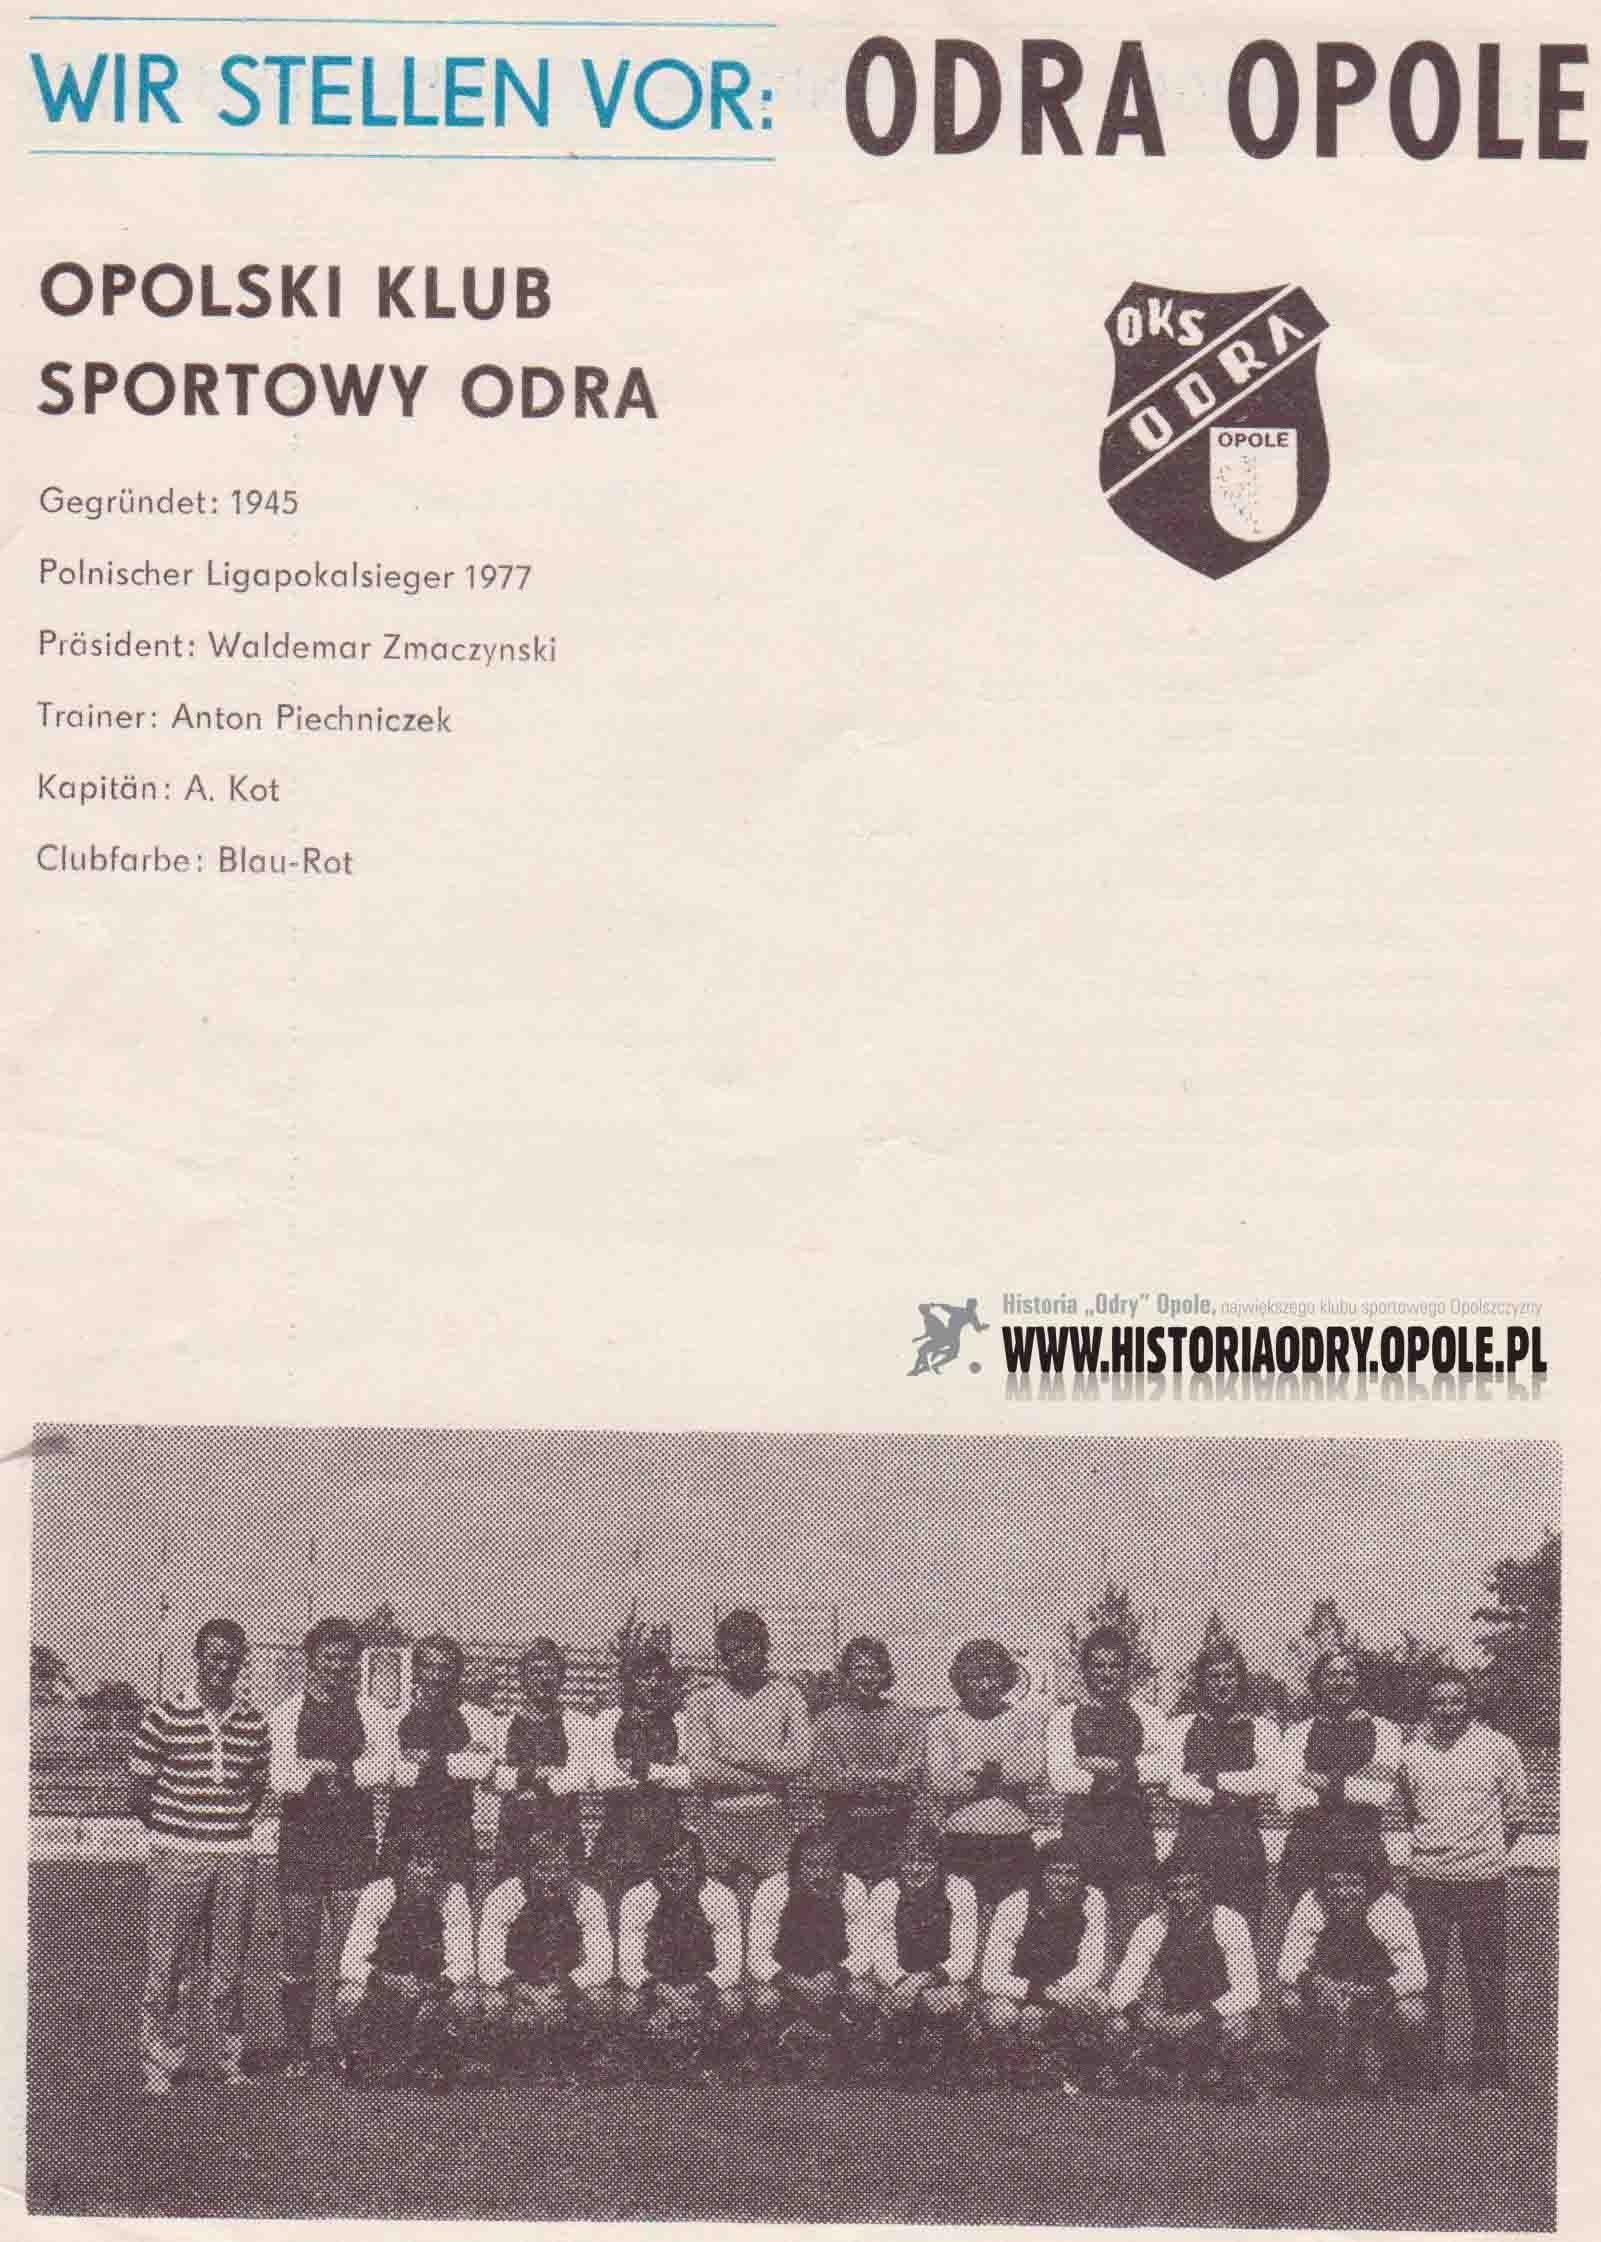 Niezbędnik kibica ze spotkania pucharowego 1. FC Magdeburg - Odra Opole (strona 2).
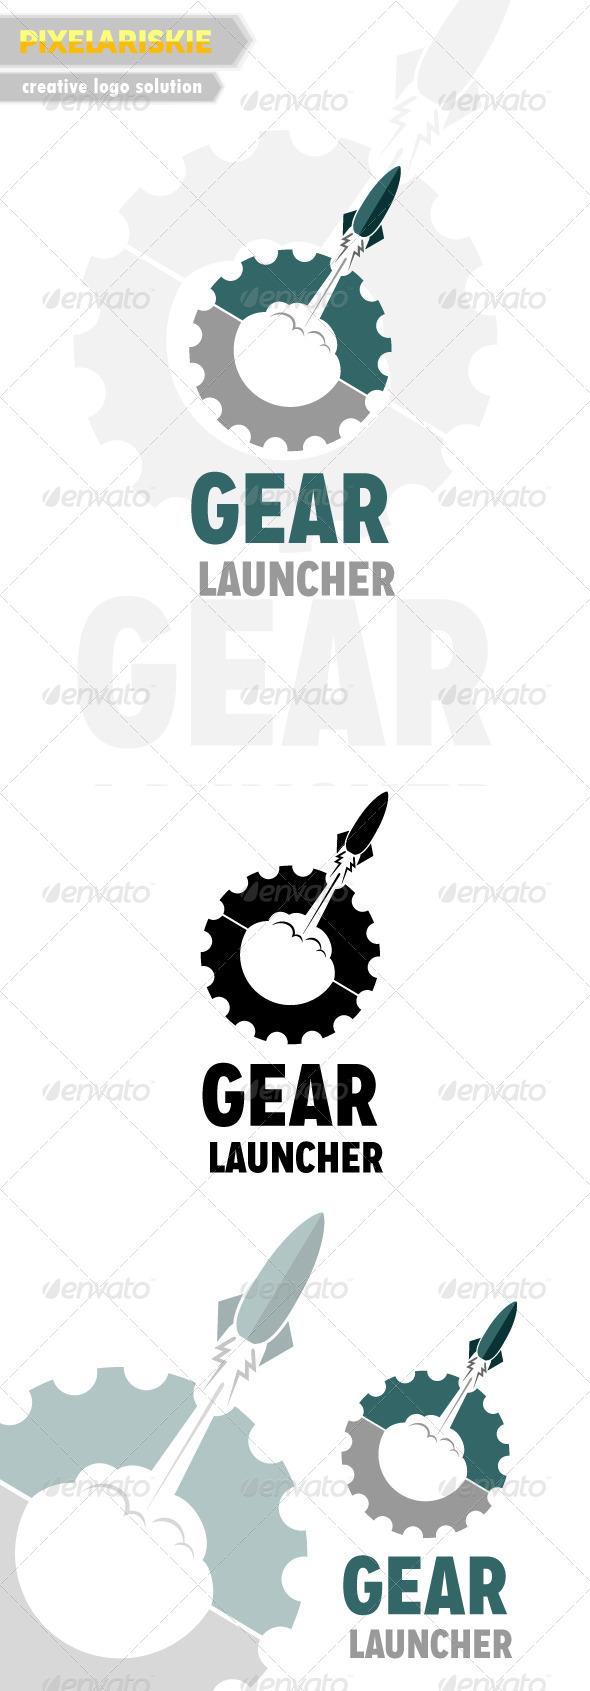 Gear Launcher Logo
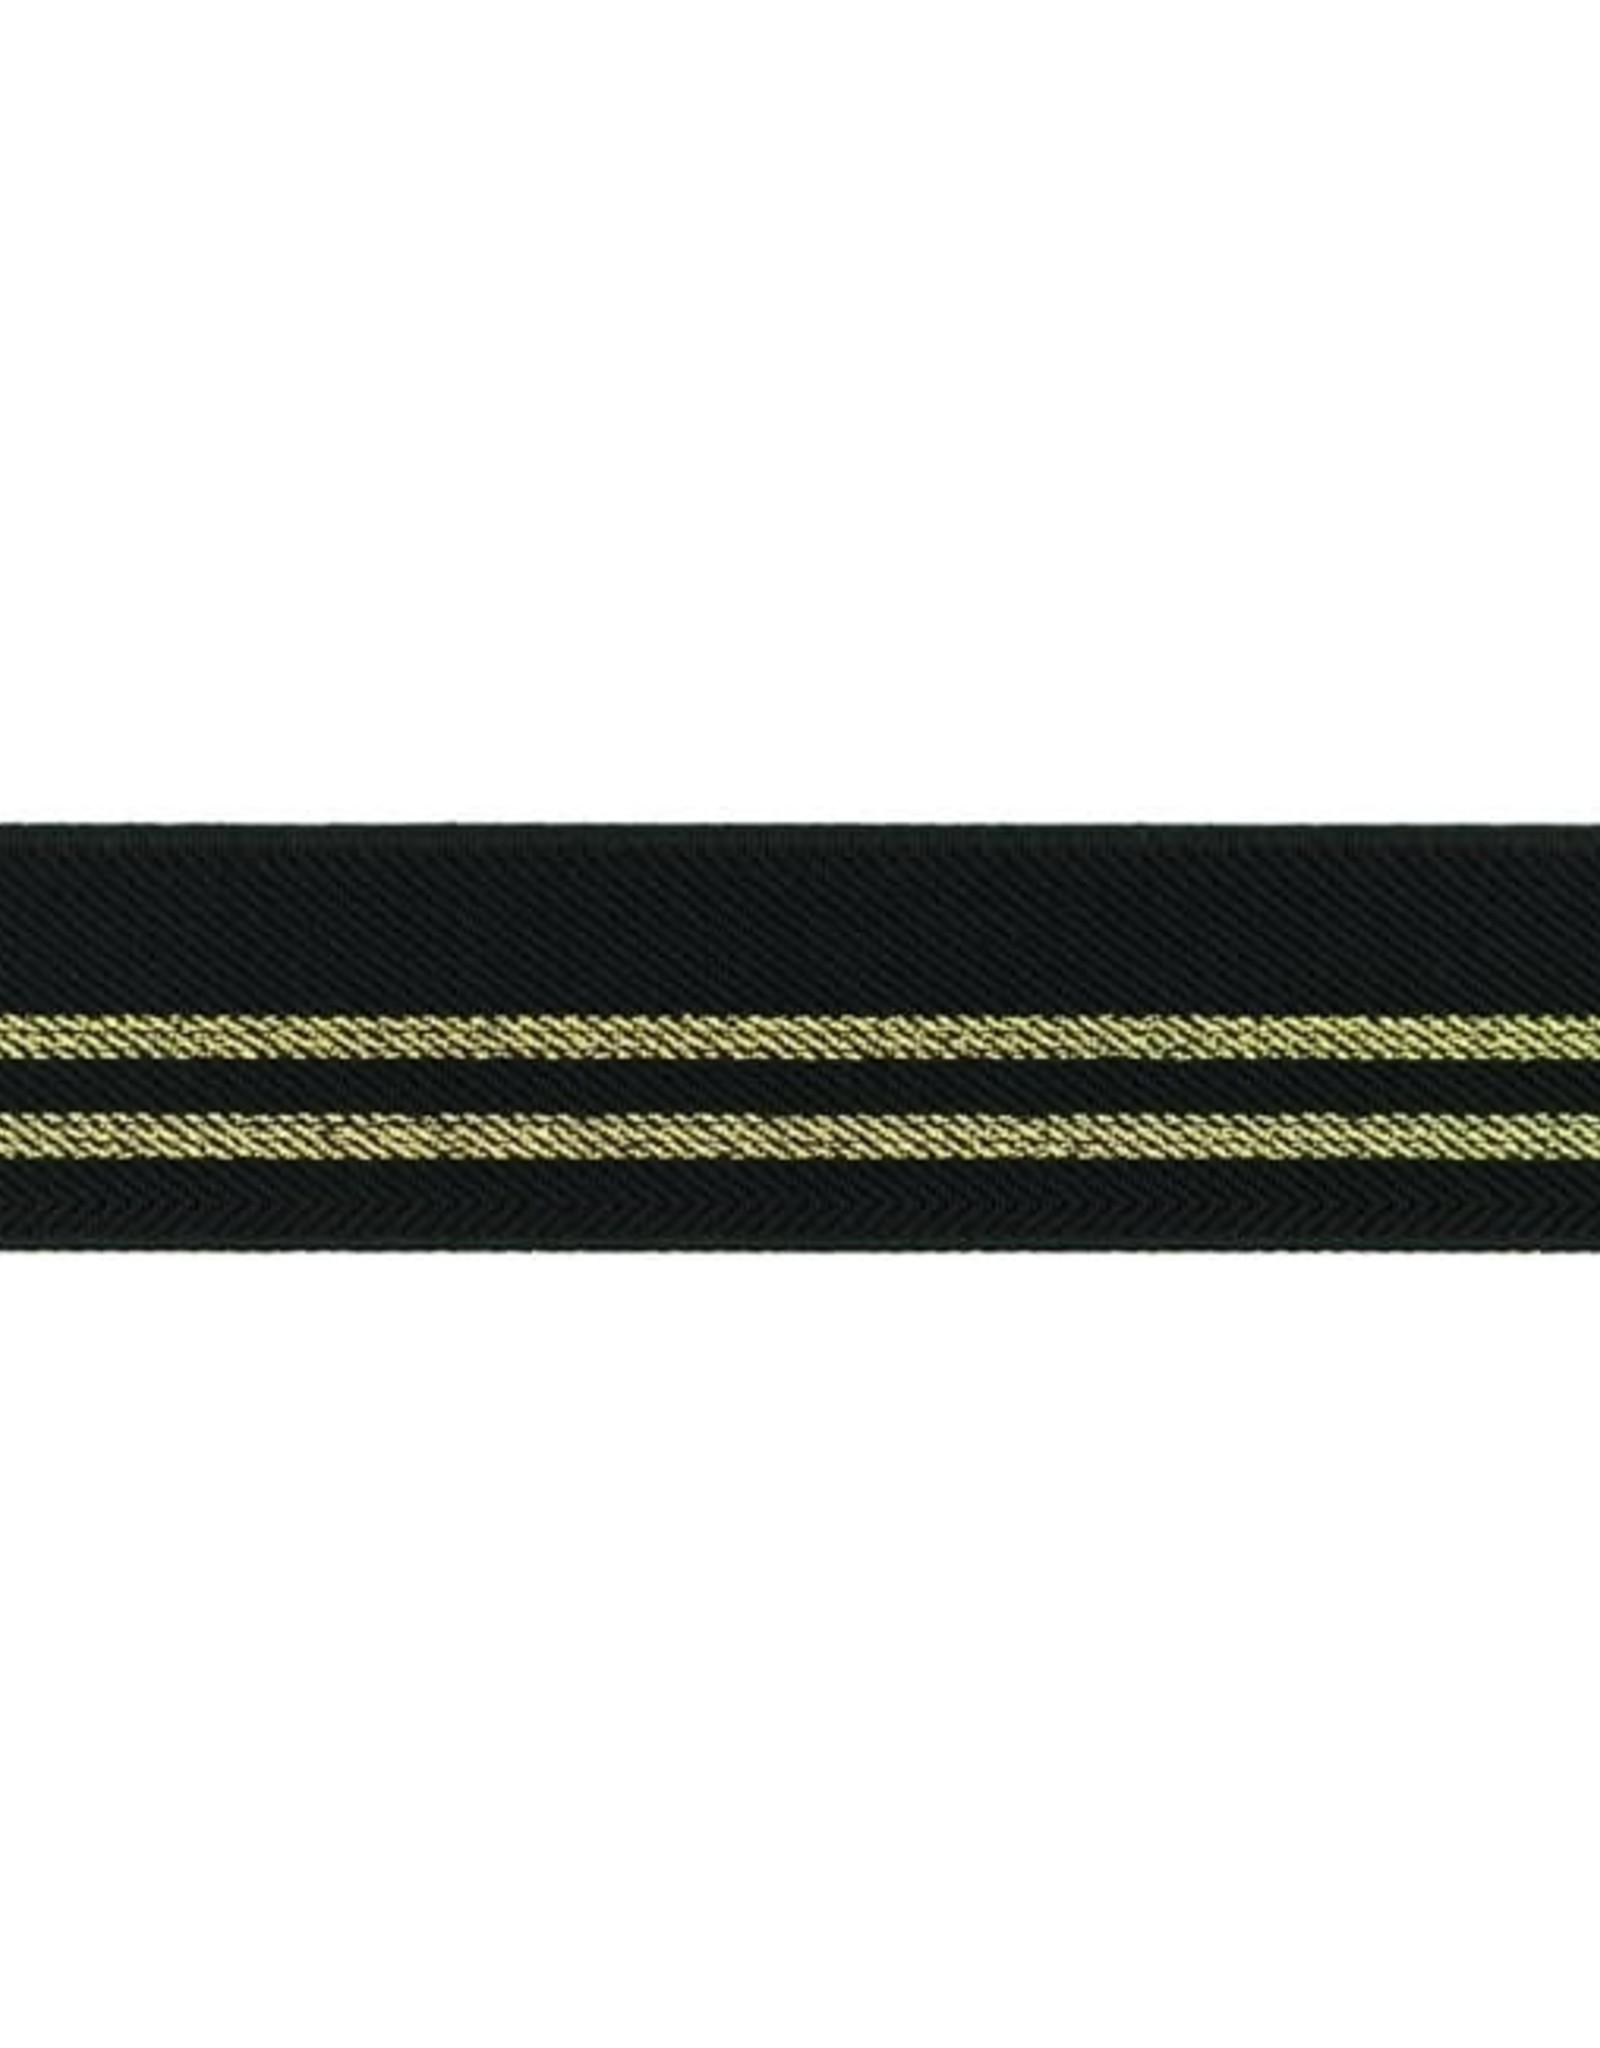 Gestreepte elastiek 30mm - Zwart/Goud

_ _ _

● **PROBLEM REQUIREMENTS**:
Leaving every picture aside, repeat the listing exactly.

● **ANSWER TO THIS TASK**:
 Niezbędnik kibica ze spotkania pucharowego 1. FC Magdeburg - Odra Opole (strona 2).
 Gear Launcher Logo
 Gestreepte elastiek 30mm - Zwart/Goud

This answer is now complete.